At the age of 17 he began dissecting corpses from the church graveyard. Between the years 1508 and 1512 he painted the ceiling of the Sistine Chapel in Rome. Michelangelo Buonarroti—known by his first name the world over as the singular artistic genius, sculptor and architect—was also an anatomist, a secret he concealed by destroying almost all of his anatomical sketches and notes. Now, 500 years after he drew them, his hidden anatomical illustrations have been found—painted on the ceiling of the Sistine Chapel, cleverly concealed from the eyes of Pope Julius II and countless religious worshipers, historians, and art lovers for centuries—inside the body of God.This is the conclusion of Ian Suk and Rafael Tamargo, in their paper in the May 2010 issue of the scientific journal Neurosurgery.

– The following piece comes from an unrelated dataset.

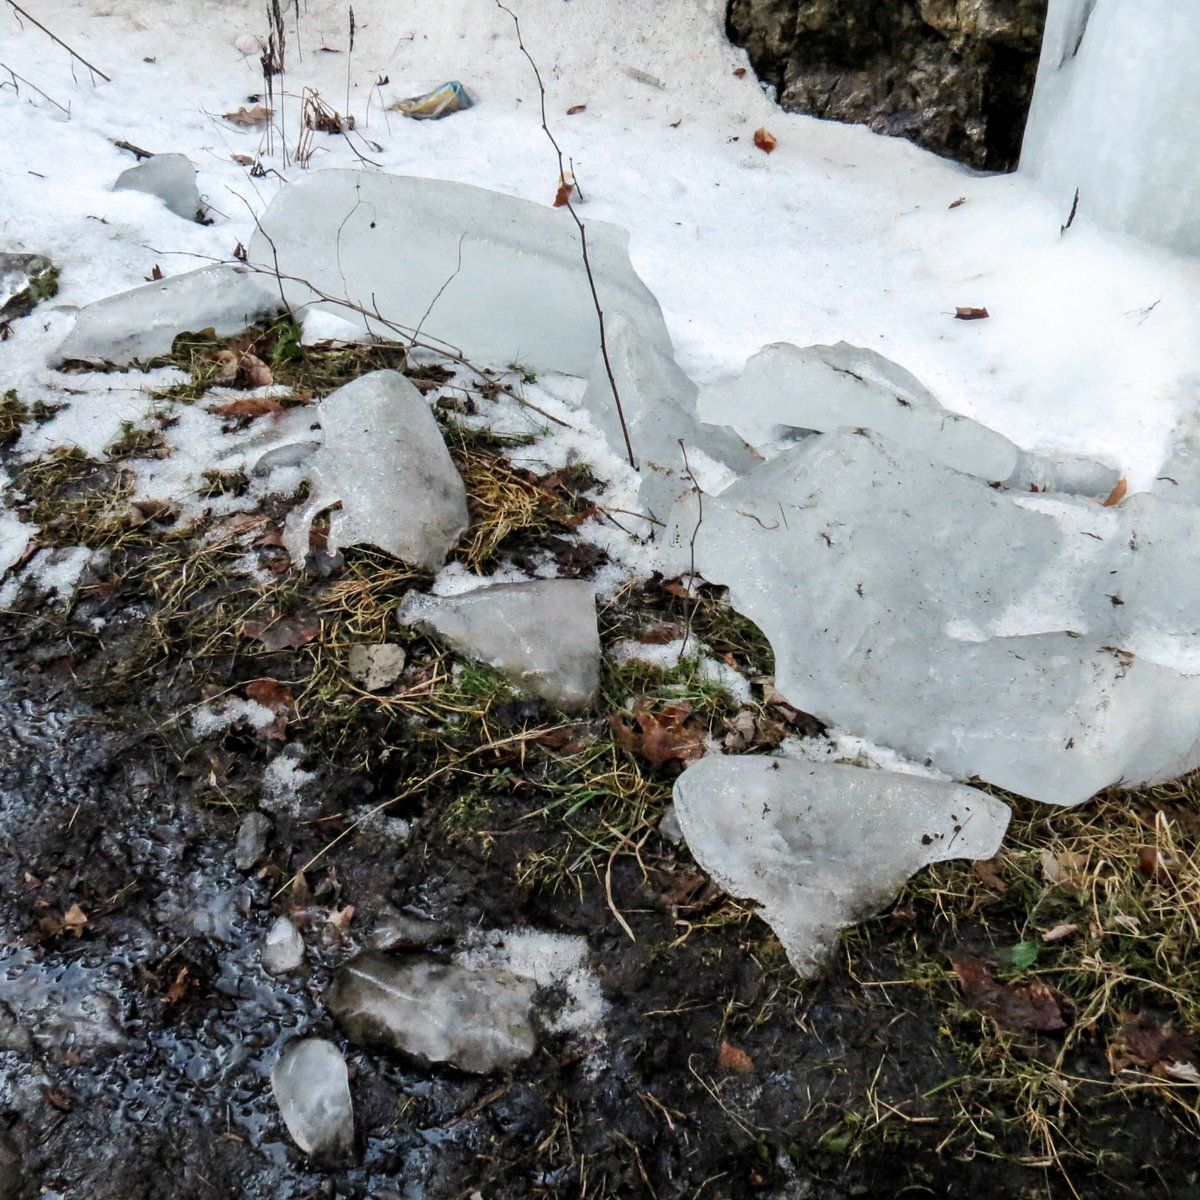 9. Fallen Ice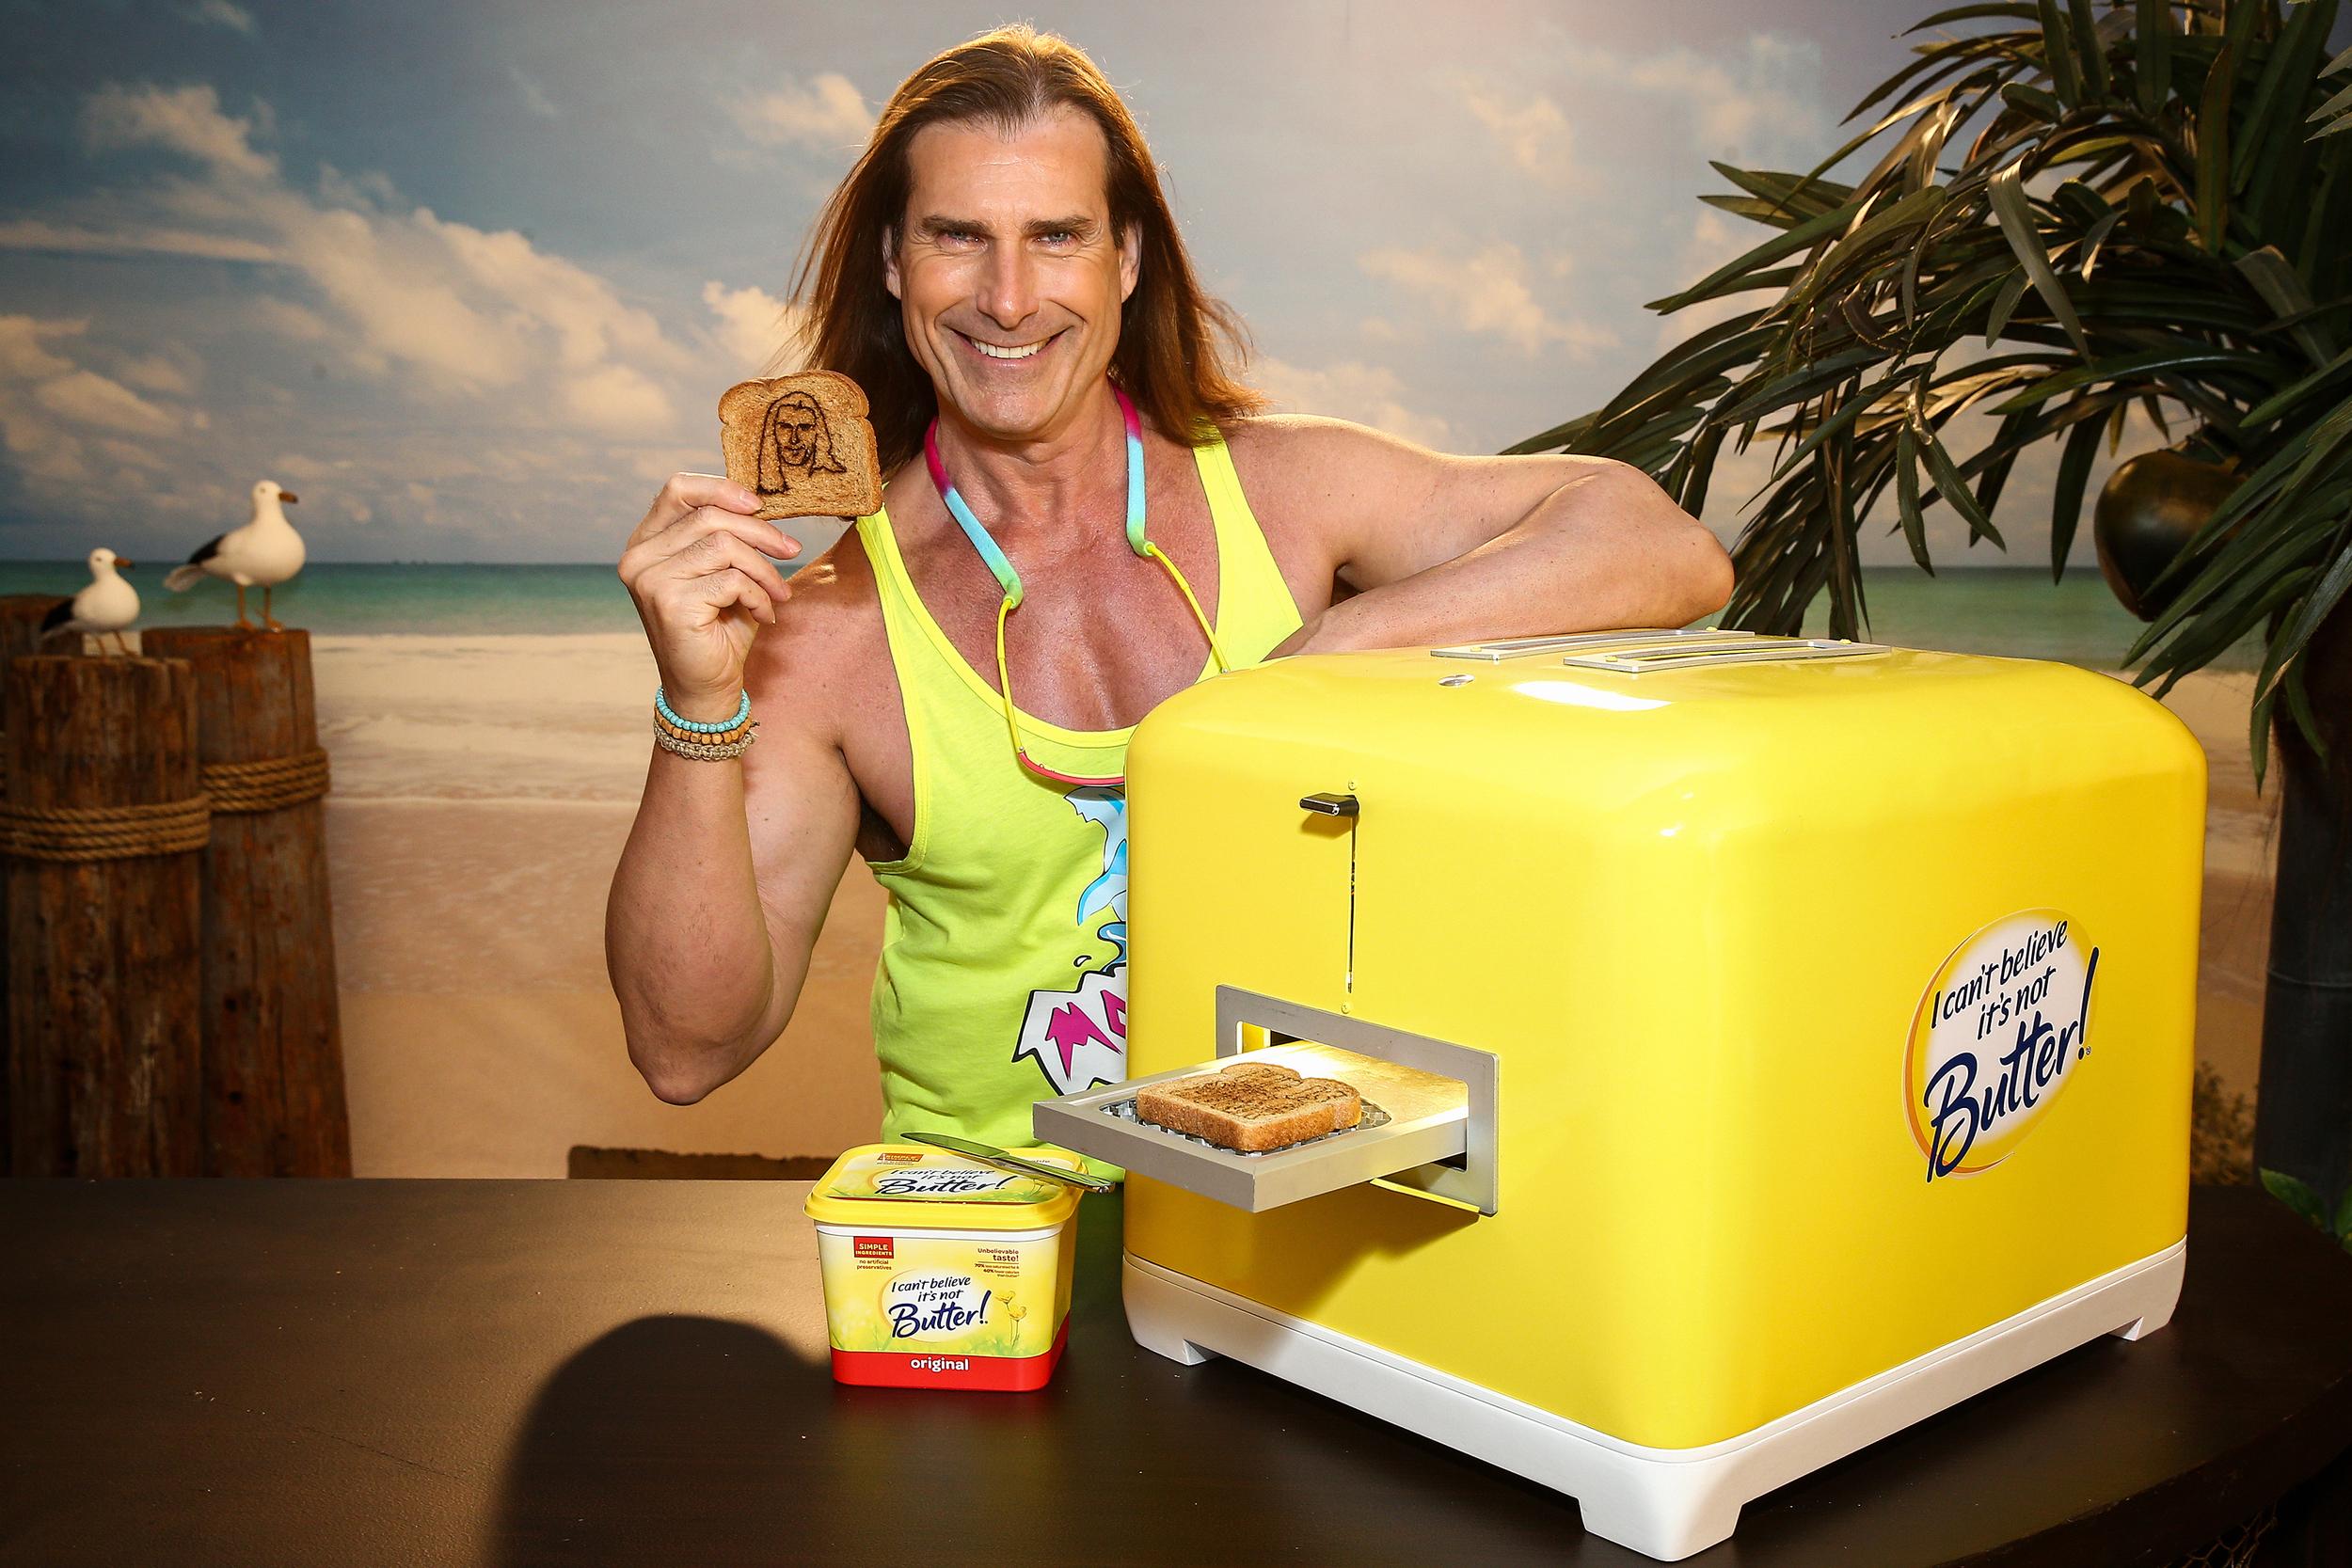 Fabio and toaster.jpg

The brainstem dissection looks convincing to me, and most especially the pons and medulla, but as Fields notes: ‘The mystery is whether these neuroanatomical features are hidden messages or whether the Sistine Chapel a Rorshach tests upon which anyone can extract an image that is meaningful to themselves. The authors of the paper are, after all, neuroanatomists. The neuroanatomy they see on the ceiling may be nothing more than the man on the moon.’

Concealed Neuroanatomy in Michelangelo’s Separation of Light From Darkness in the Sistine Chapel,” by Ian Suk and Rafael J. Tamargo in Neurosurgery, Vol. 66, No. 5, pp. 851-861.